Cat’s mother did not love him like that. Her actions shaped him into a survivor. Persistent, adaptable and contemplative. One who continued to face setback after setback but equally continued to strive for the next best thing.
Queen Alenée was complicit in Elician’s torture. She ordered for Lio to be killed too.
And she loved her son.
‘She…she failed my brother,’ Cat acquiesces. ‘She had not wanted him, and…he didn’t deserve that. He didn’t ask to be born an unwanted child. She should have done better. But Leferge is right. She set this path into motion.’
Just as I did, Elician knows.
‘Partho,’ Elician says out loud. ‘I would like to be alone with my husband now.’ Partho does not move.
‘Please go,’ Cat sighs.
‘I’ll be just outside—’
‘Go.’ This time, the order is clear. Partho doesn’t like it.
He glares at Elician over Cat’s head, but he bows.
He steps out of the tent. He lets the canvas fall shut behind him, and Elician has Cat in his arms the moment the fabric falls.

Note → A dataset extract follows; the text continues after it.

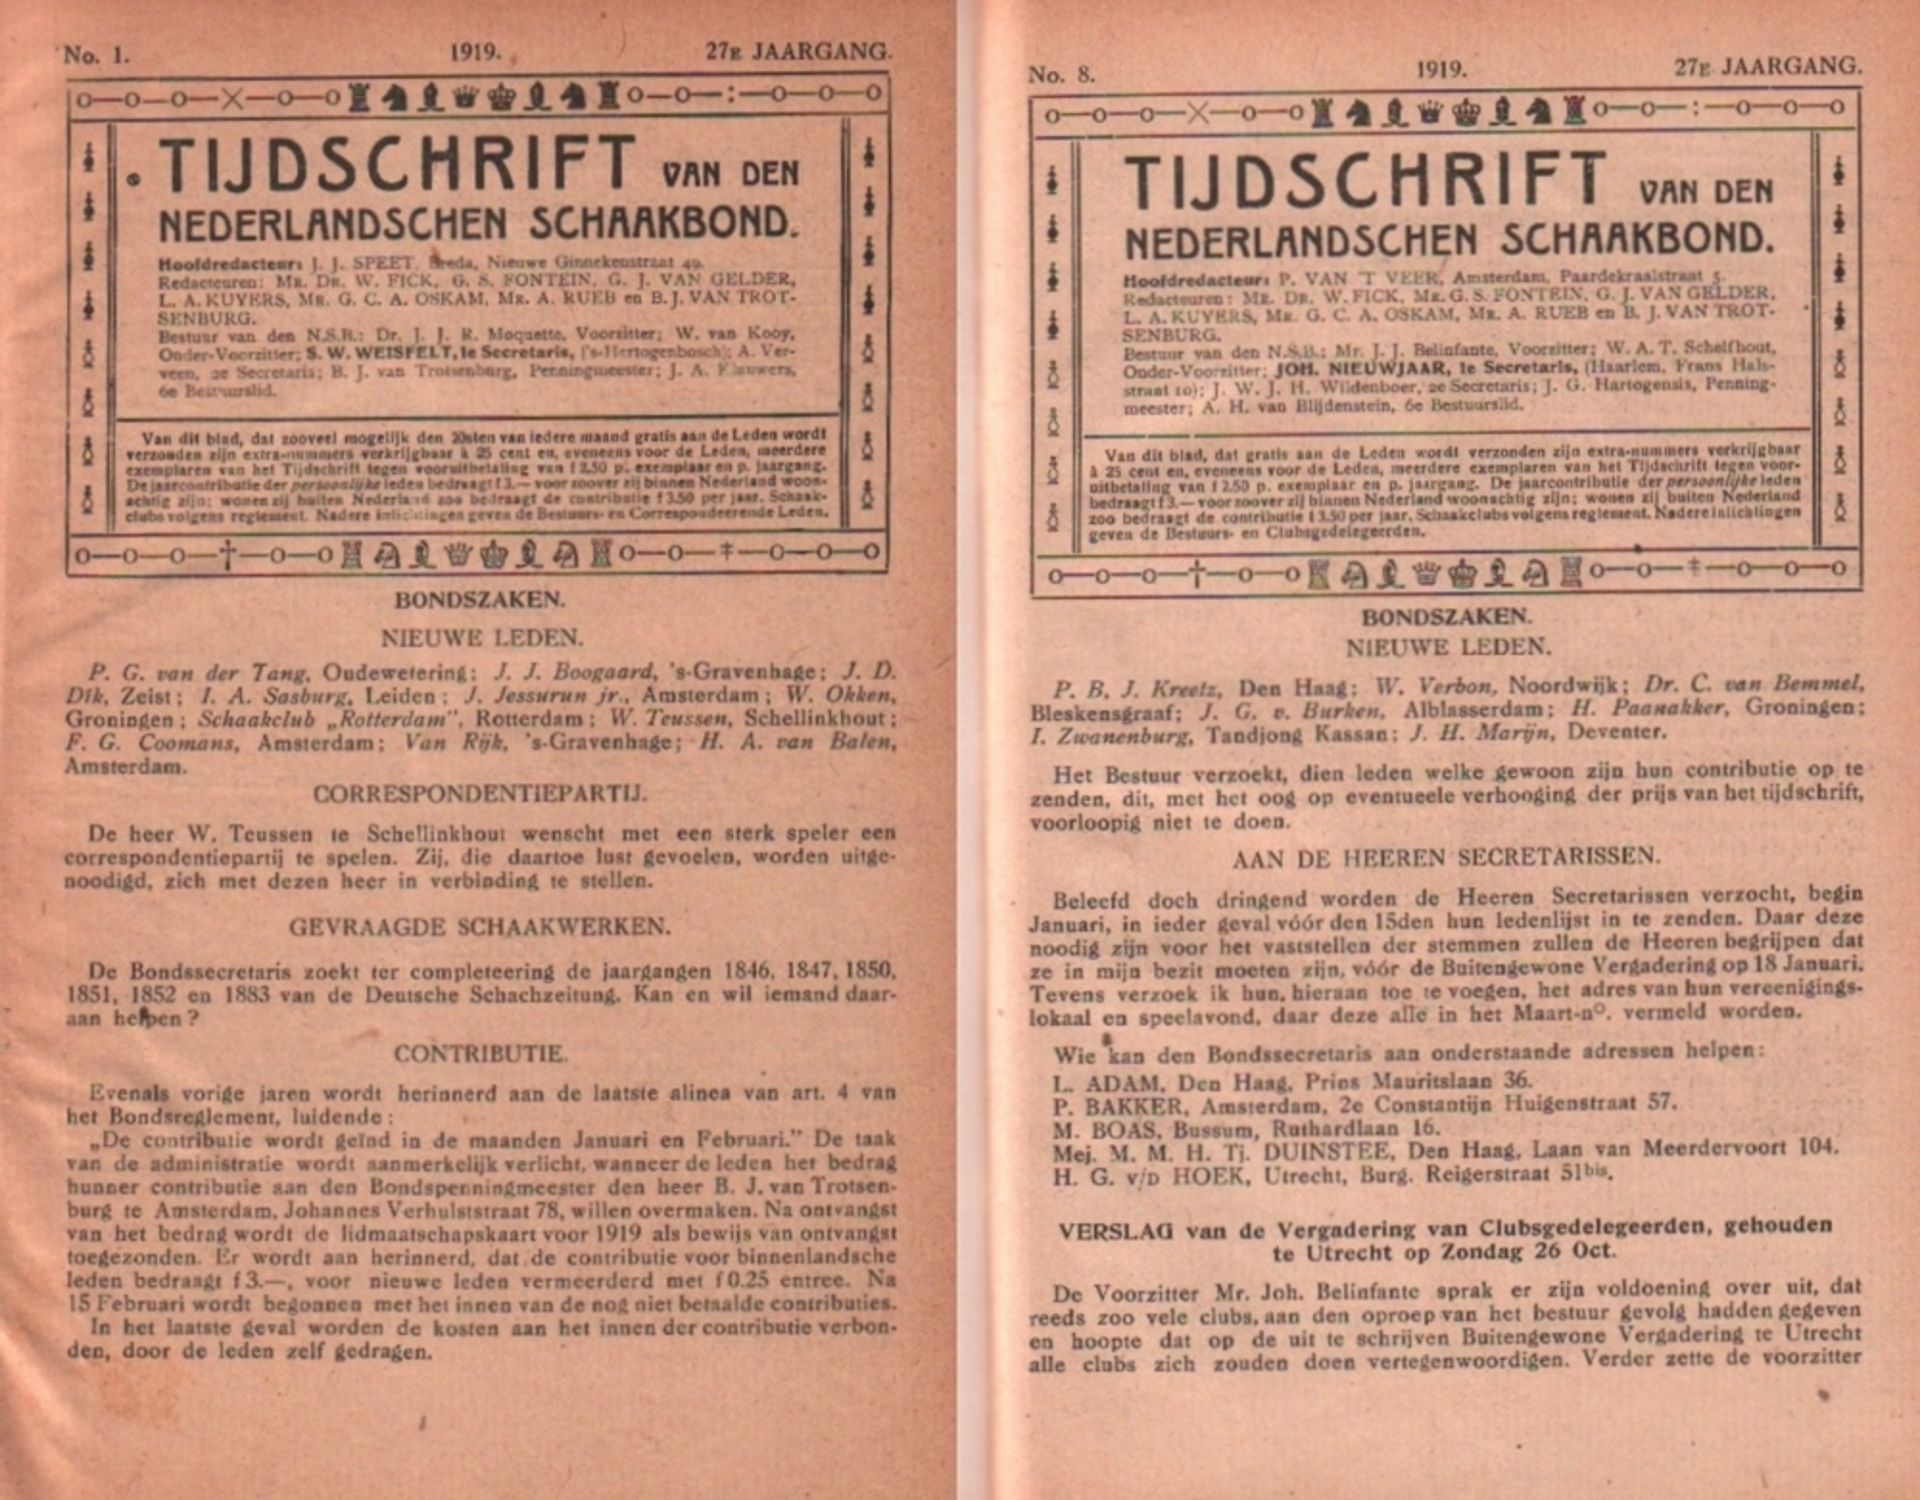 Tijdschrift van den Nederlandschen Schaakbond. Hoofdredacteur: J. J. Speet. 27. Jahrgang 1919, No. 1
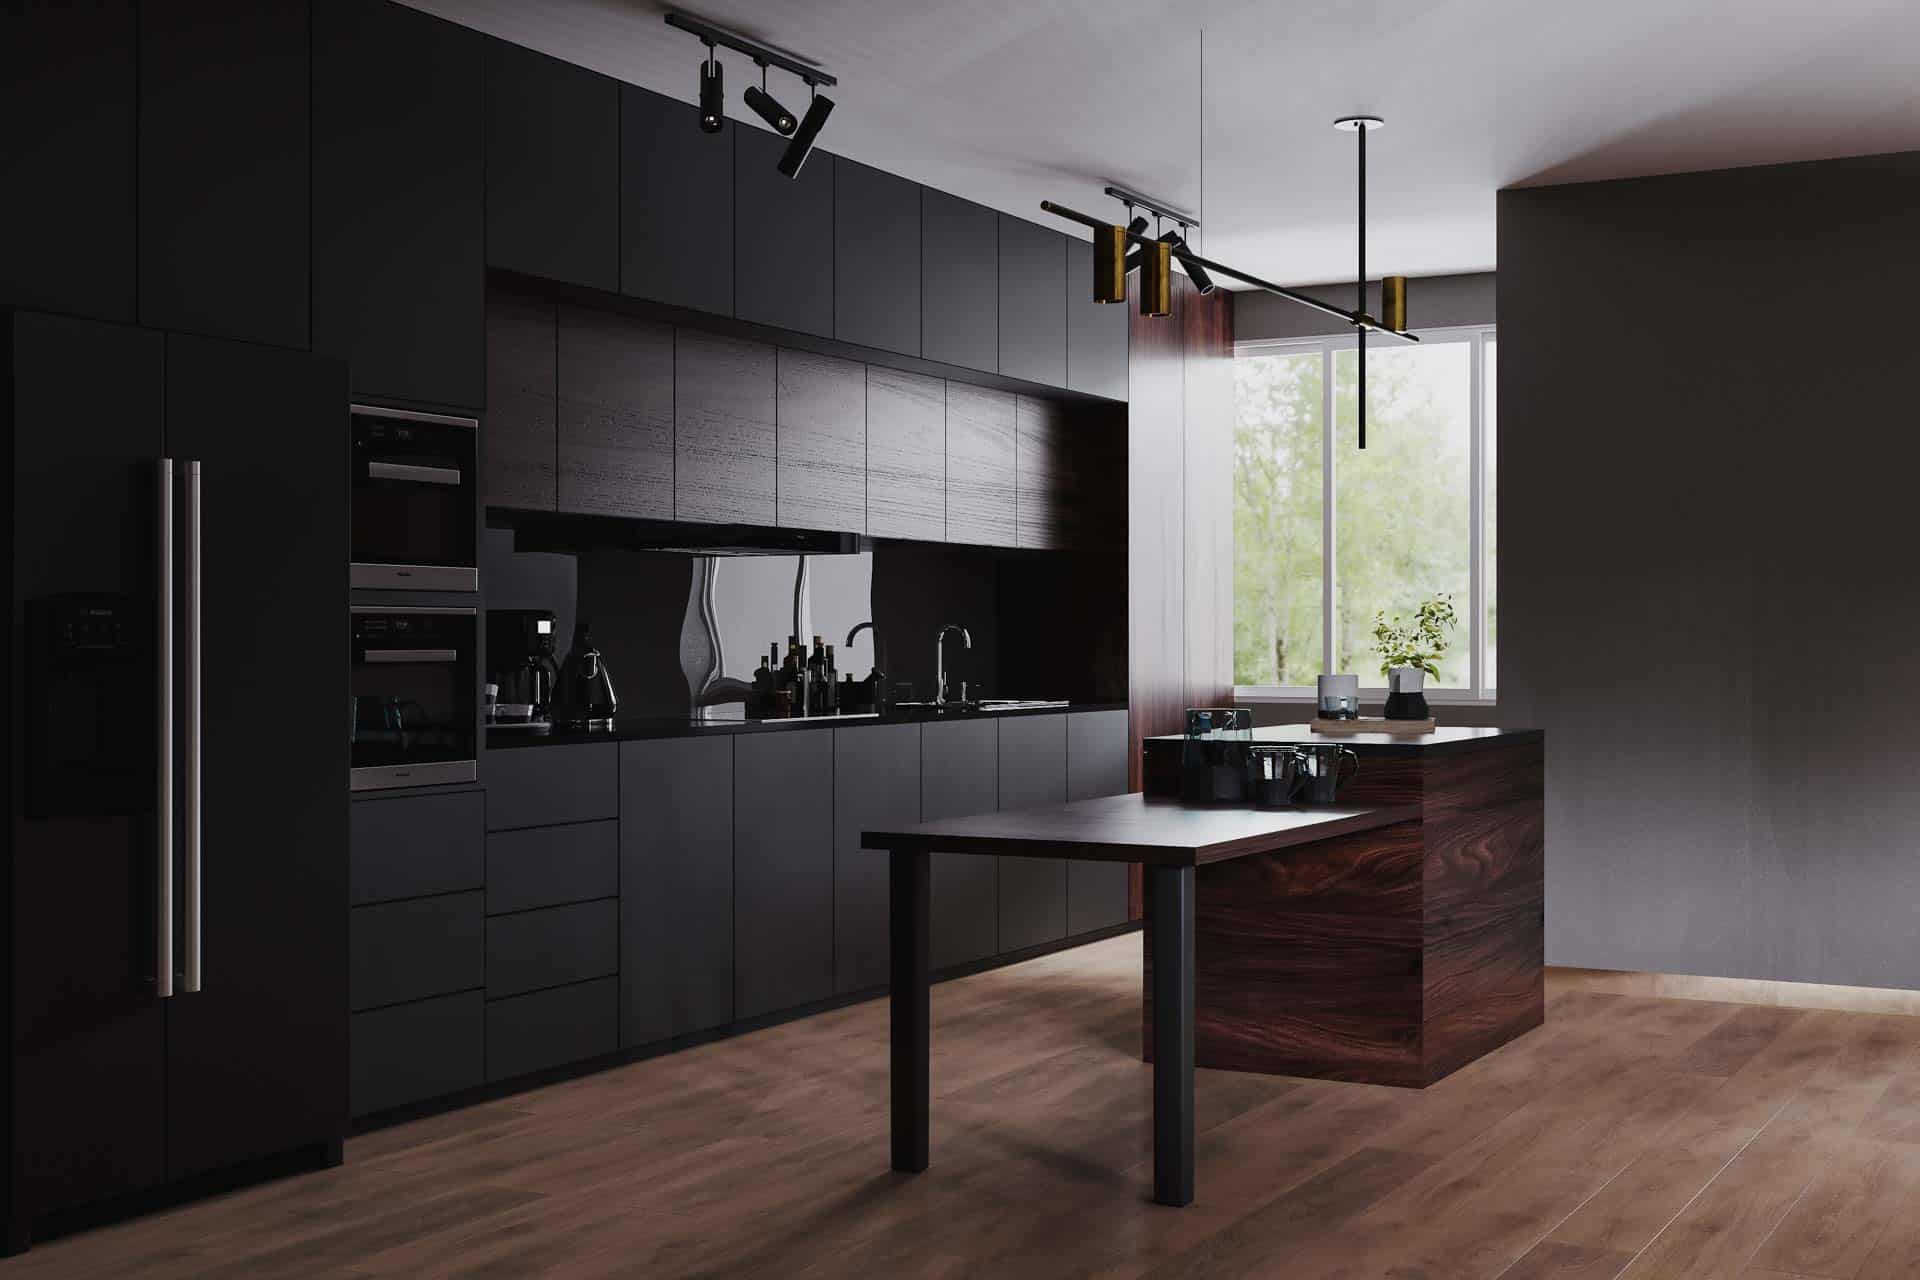 Kitchen Remodeling, Modern dark kitchen and dinning room interior with furniture and kitchenware, grey, black and dark wood kitchen interior background, luxury kitchen,

Cat’s head presses to his chest, his arms locking tight behind Elician’s back.
‘I’m sorry,’ Elician whispers.
Cat doesn’t reply, but he holds on even tighter, and Elician tucks his chin over the curve of Cat’s head and holds him until their legs can stand no longer.
Then, curled on the hard and comforting discomfort of a travel pallet, he holds him even tighter still.
‘I’m sorry,’ Elician repeats. And he keeps repeating it, as if the simple repetition of the words can block out every sin from the past, including those he’s not even guilty of.